Sokka sighed. "Oh well, I tried. Now I'm afraid I'm going to have to kick your ass."
"Ha!" The man barked, so harshly that the exhaled punch of air shuddered throughout his body. "Well, if it is a fight you desire, you shall have it!"
Sokka drew his blade, pacing forward.
"Seriously, you're just going to embarrass yourself. Tell you what, you give me the sword, I'll give you a couple really impressive scars, you make up an interesting story, and you'll make a lifetime's worth of free drinks."
"You talk a good fight, little man."
"That's it? No rider? Just a compliment? Man, you suck at this."
The two men padded around each other, Sokka's mindless banter distracting from the stance he was preparing.
"I gotta say, I understand man. I mean, I've seen your mom, and it's a testament to your spirit that you even learned to talk."
"Enough! You die now!"
The man swung wildly, but Sokka was ready, stepping back and deflecting the wild charge with ease. Finding his footing, he swung around, the arc of his blade aiming straight for his opponent's neck.
The swords met with a punishing clang, and Mai's heart spiked. Grinning, the man used his greater height and mass to lean over Sokka, who was slowly being pushed back.
Toph could feel his sword straining to keep its edge. Unconsciously, she stabilised the ground beneath his feet.
Then the man jerked backwards, twisting his sword over his head, and swinging two handed towards Sokka's head but his blade tore upwards, faster than Toph could hope to follow, and there was a scream of steel and Sokka was left with half a sword.
Mai jerked forward and a knife was in her hand in moments.
"No," Toph hissed.
Mai ignored her, and threw, but the blade went wide and-
Sokka's head jerked back in a spray of blood.
Mai's heart went haywire, and she began to move forwards, but Toph forced herself to ignore that and feel.
Sokka's heart, beating fast, but steady, pumping blood. A cut on his face, over his left eye. Long, but shallow. Didn't touch bone, which was a miracle in itself. Non-fatal, not even a life-threatening injury, as long as it got treated.
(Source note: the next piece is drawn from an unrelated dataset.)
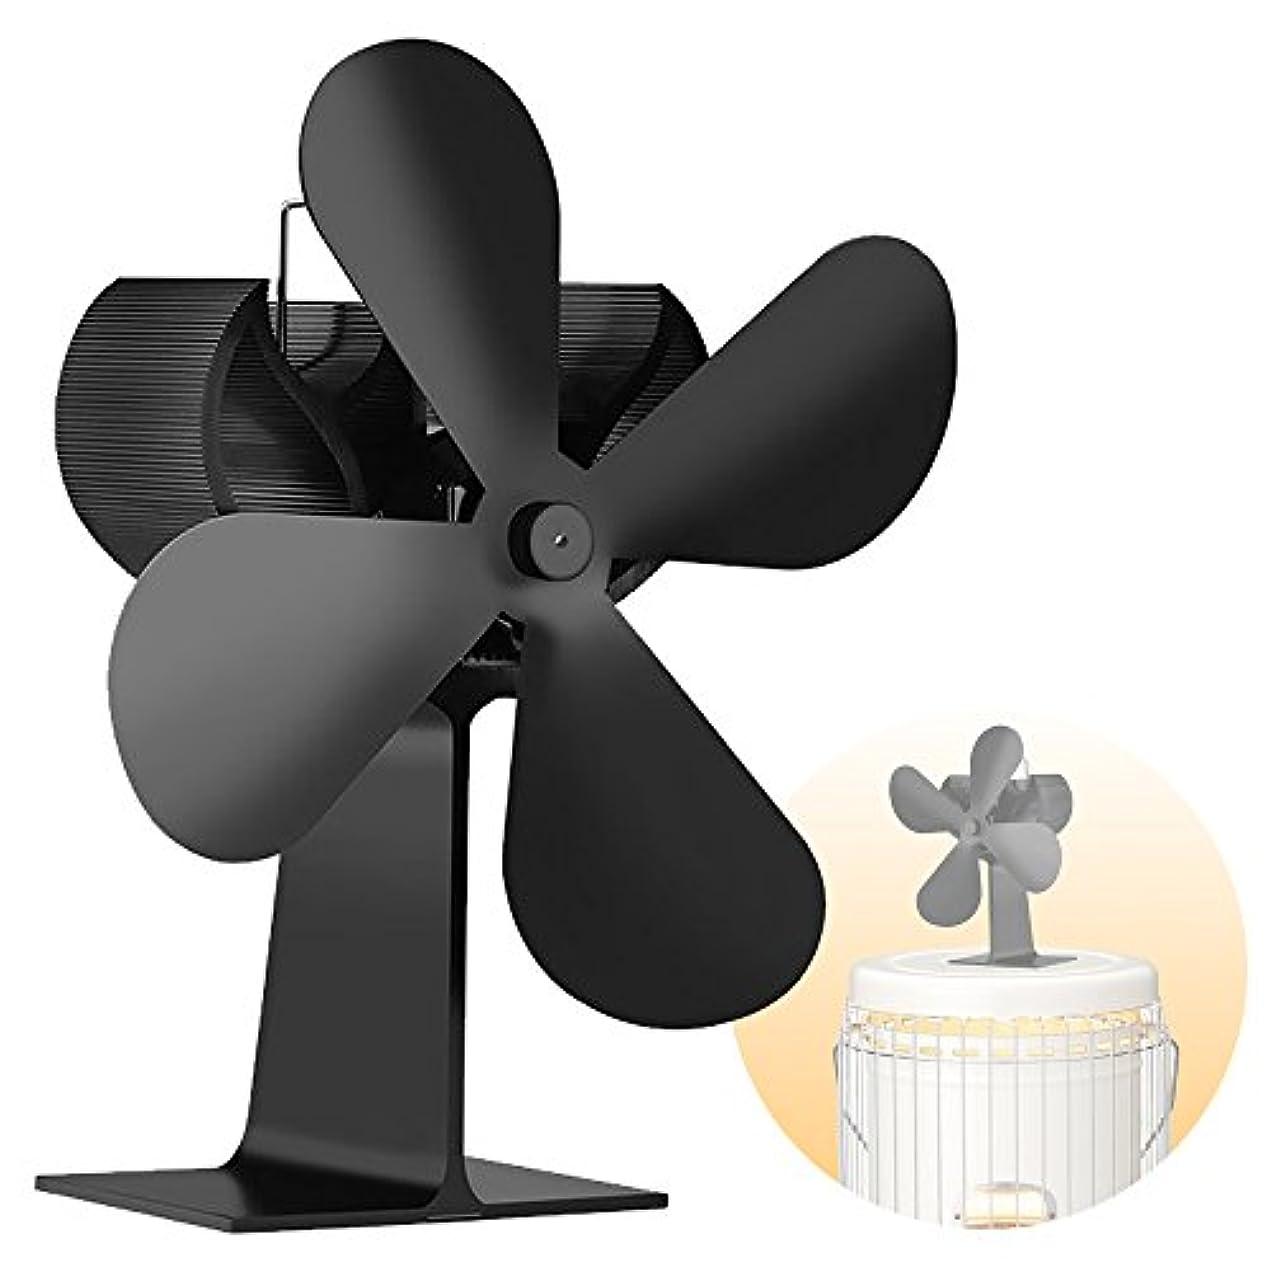 屋内で大きさたとえIQcharge 新型 COMPACT STOVE FAN <無電源式 ワイドブレード> 【対流式ストーブ/薪ストーブ/反射式ストーブ対応】 ホワイトフレーム/ブルーフレーム/レインボーフレーム 各種対応 ビンテージ アンティークデザイン 静音設計 ストーブファン

He was fine. Fine.
Except now there was blood streaming down his face and effectively blind in one eye and there was a maniac with a sword preparing to split his skull in two-
Toph could see it coming. Sokka's stance was eloquent. She could feel his muscles bunching, could practically hear the power building up, rushing from the earth.
Mai slowed. She could see it too.
Oh, this was going to hurt.
Sokka unwound, one muscle at a time, stacking up and accelerating and building up the kind of momentum normally reserved for rampaging elephant-bulls and unloading it all right into the man's poor defenceless temple.
Toph winced in sympathy- she felt that one. The punch was beyond textbook- it was the trendsetter. It was as if the greatest artist in the history of the human race had decided to branch out into the medium of pain, and his canvas was that guy's unwitting and unprepared face.
There was a pause, both combatants freezing, to better admire the majesty of that single blow, and then the man crumpled like a paper bag caught in the rain.
Sokka exhaled for a moment, flexing and unflexing his hand.
Then he turned around.
"Feel free to step in any time, guys."
Toph shrugged. "Didn't want to get in the way."
"We thought you wanted to be macho and duel the guy. You were taunting him, and so forth. Seemed like a guy thing."
"Yeah, I was trying to distract him, you know. So one of you could hit him in the back of the head."
Mai had moved up to Sokka, and was peering intently at his wound.
"That's going to scar. Hold still." She dabbed at the blood with a cloth, cleaning his face. "We should get that looked at when we get back in town."
"You worry too much."
"That's because I have to do your worrying for you, as well. It's very thoughtless of you."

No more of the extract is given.